Fabry-Perot Etalon Homework: Determining Wavenumber Separation

[rabbit44]

Homework Statement

A certain spectral line is known to consist of two equally intense components
with a wavenumber separation less than 20 m^-1: The Fabry-Perot fringes
produced by this line are photographed, using a plate separation of 25 mm. The
diameters of the smallest rings are found to be, in mm :
1:82; 3:30; 4:84; 5:57; 6:60; 7:15:
Explain why this experiment does not allow the wavenumber separation to be determined uniquely, but gives two possible values. What are they? Suggest a further experiment
which could be carried out to resolve the ambiguity.

Homework Equations

Wavenumber FSR=1/2nd

The Attempt at a Solution

So I think this has something to do with the free spectral range? If you work that out with the above equation, assuming the etalon is in air, you get 20m^01. So as the wavenumber separation is less than this, fringes from the two different wavenumbers will overlap. But then I don't know how to get the two possible answers.

Any help? Please?

 

[Jhero]

You are correct in thinking that the issue lies with the free spectral range (FSR). The FSR is the spacing between two consecutive interference fringes in an etalon. In this case, the FSR is 20 m^-1, which means that the two components of the spectral line are too close together to be resolved by the etalon. This is why the smallest rings in the photograph have overlapping diameters, as you have observed.

To determine the two possible values for the wavenumber separation, we need to consider the ratio of the FSR to the plate separation (d). This ratio is equal to 1/2n, where n is the number of fringes between the two components. In this case, we have n=1, so the ratio is 1/2. This means that the two possible values for the wavenumber separation are 1/2 of the FSR and 3/2 of the FSR. In other words, the wavenumber separation could be either 10 m^-1 or 30 m^-1.

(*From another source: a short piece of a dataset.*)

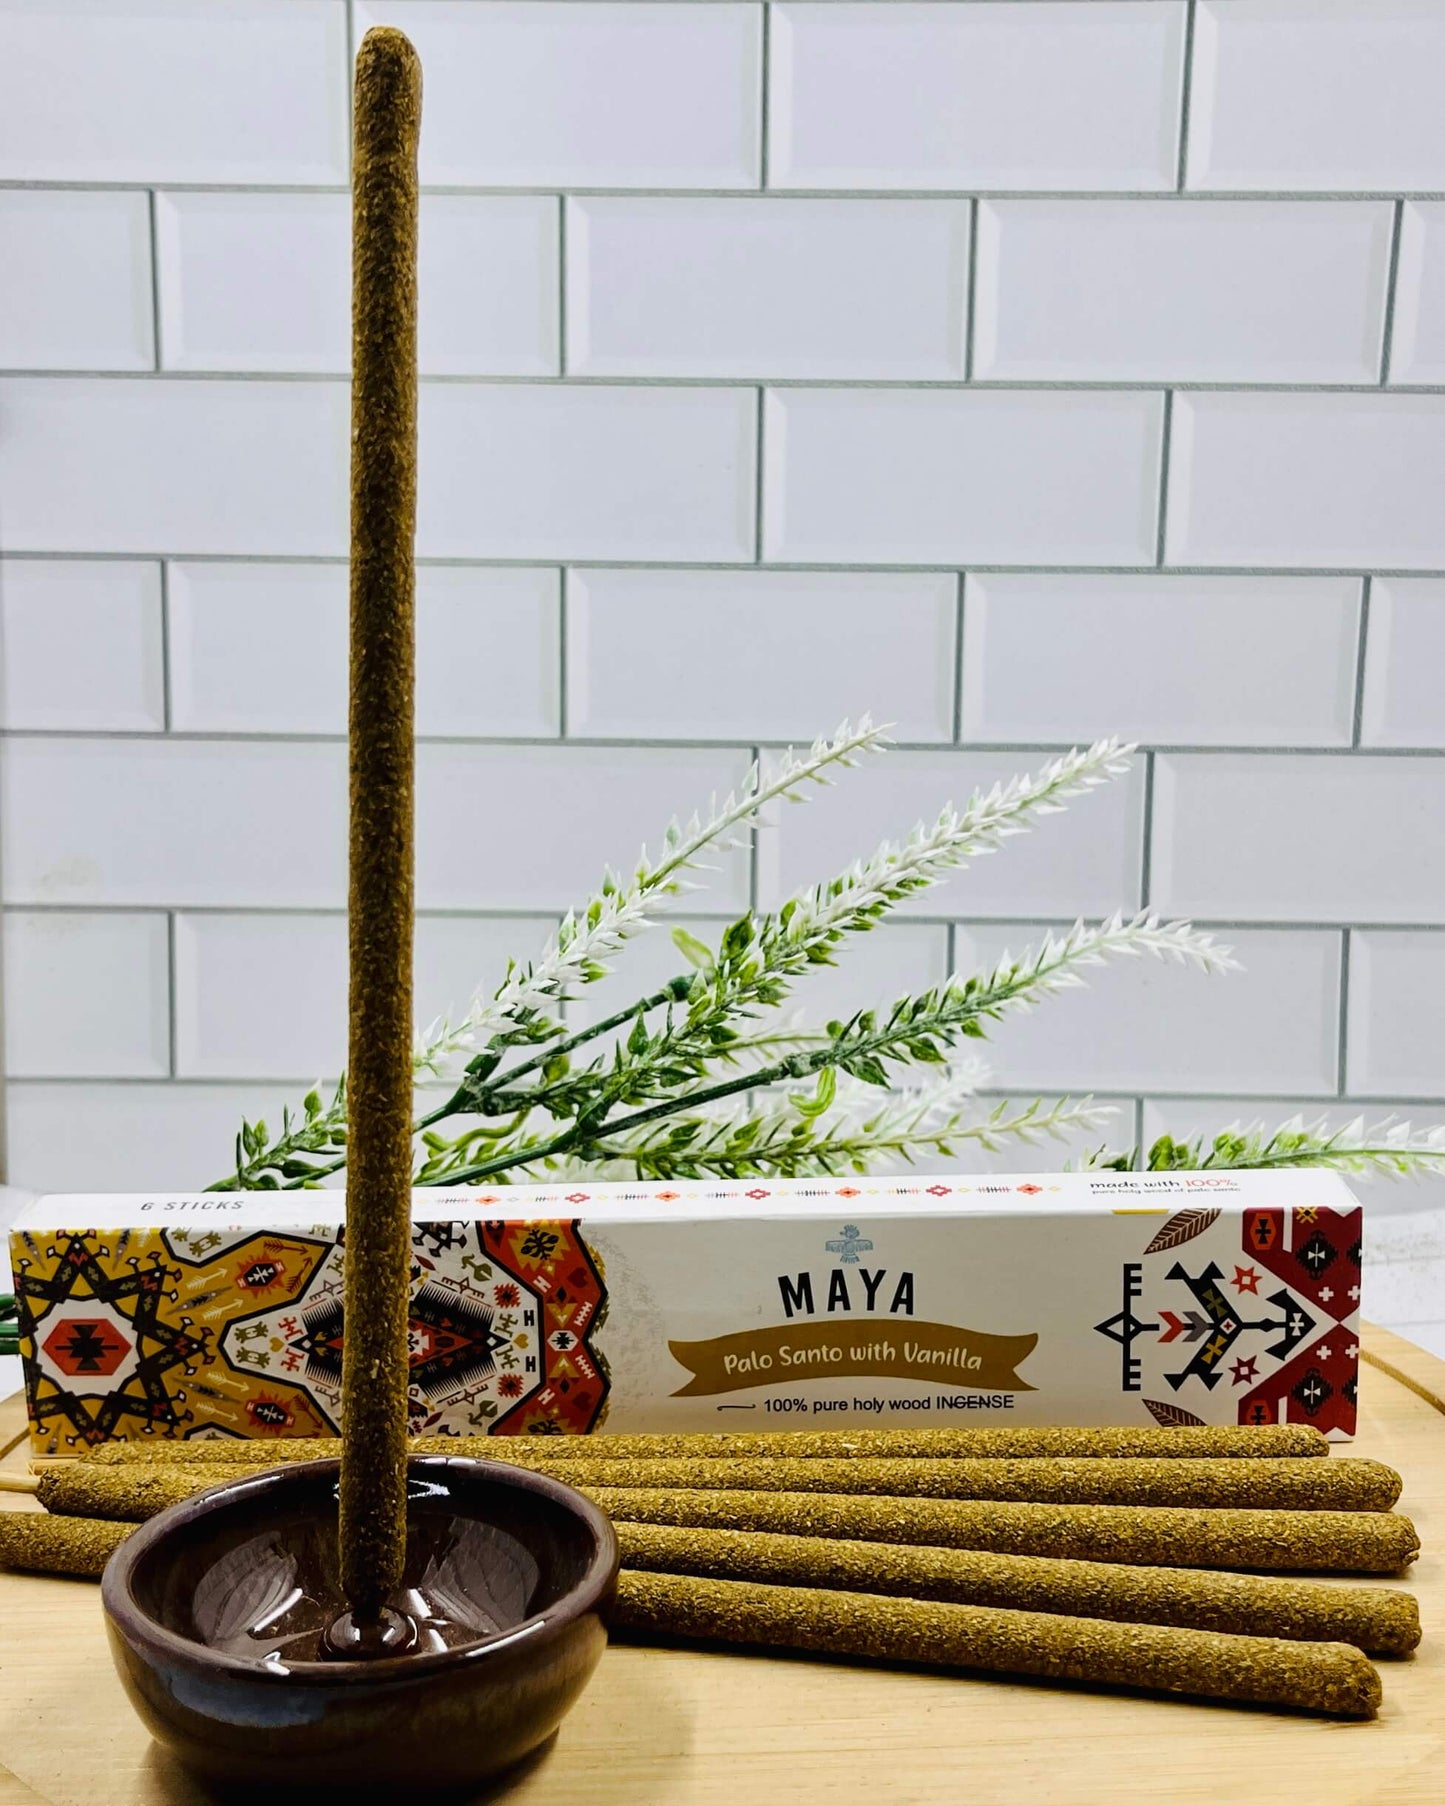 MAYA Palo Santo & Vanilla Incense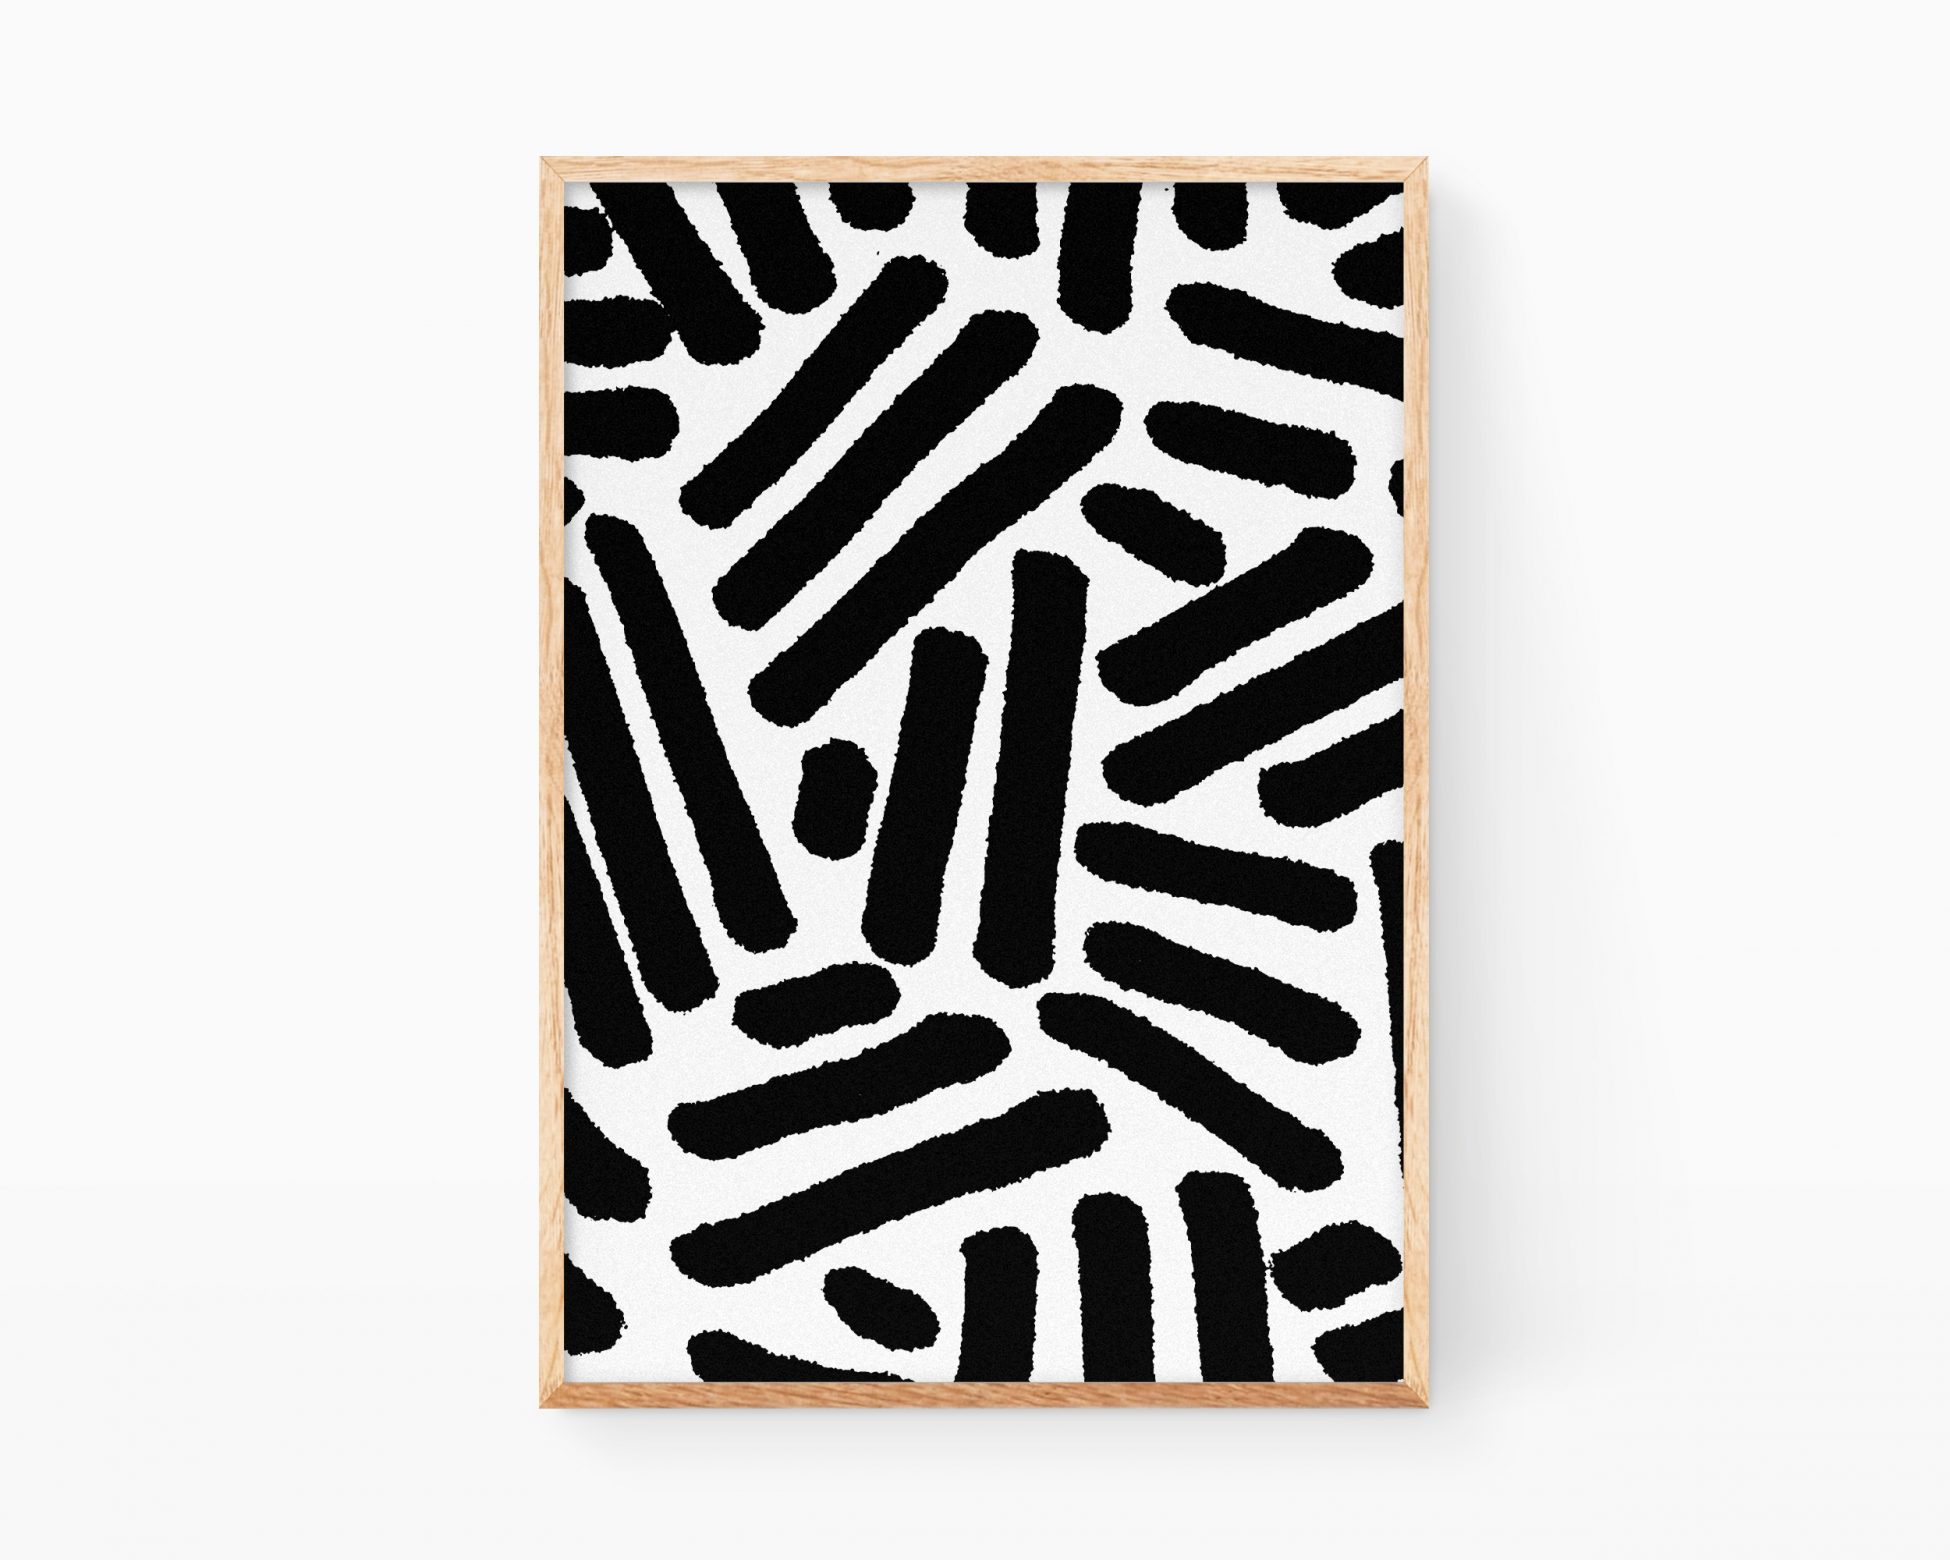 Arte abstracto minimalista. Lámina con una líneas negras sobre fondo blanco de estilo casi zen con dibujos de rayas cortas. Cuadro para enmarcar con decoración abstracta y elegante.

To resolve this ambiguity, we could carry out a further experiment using a different etalon with a larger FSR. This would allow us to clearly distinguish between the two components of the spectral line and determine the wavenumber separation more accurately. Alternatively, we could use a narrowband filter to isolate one of the components and measure its wavenumber directly. This would also give us a more precise value for the wavenumber separation.

I hope this helps to clarify the situation. Keep up the good work in your scientific investigations!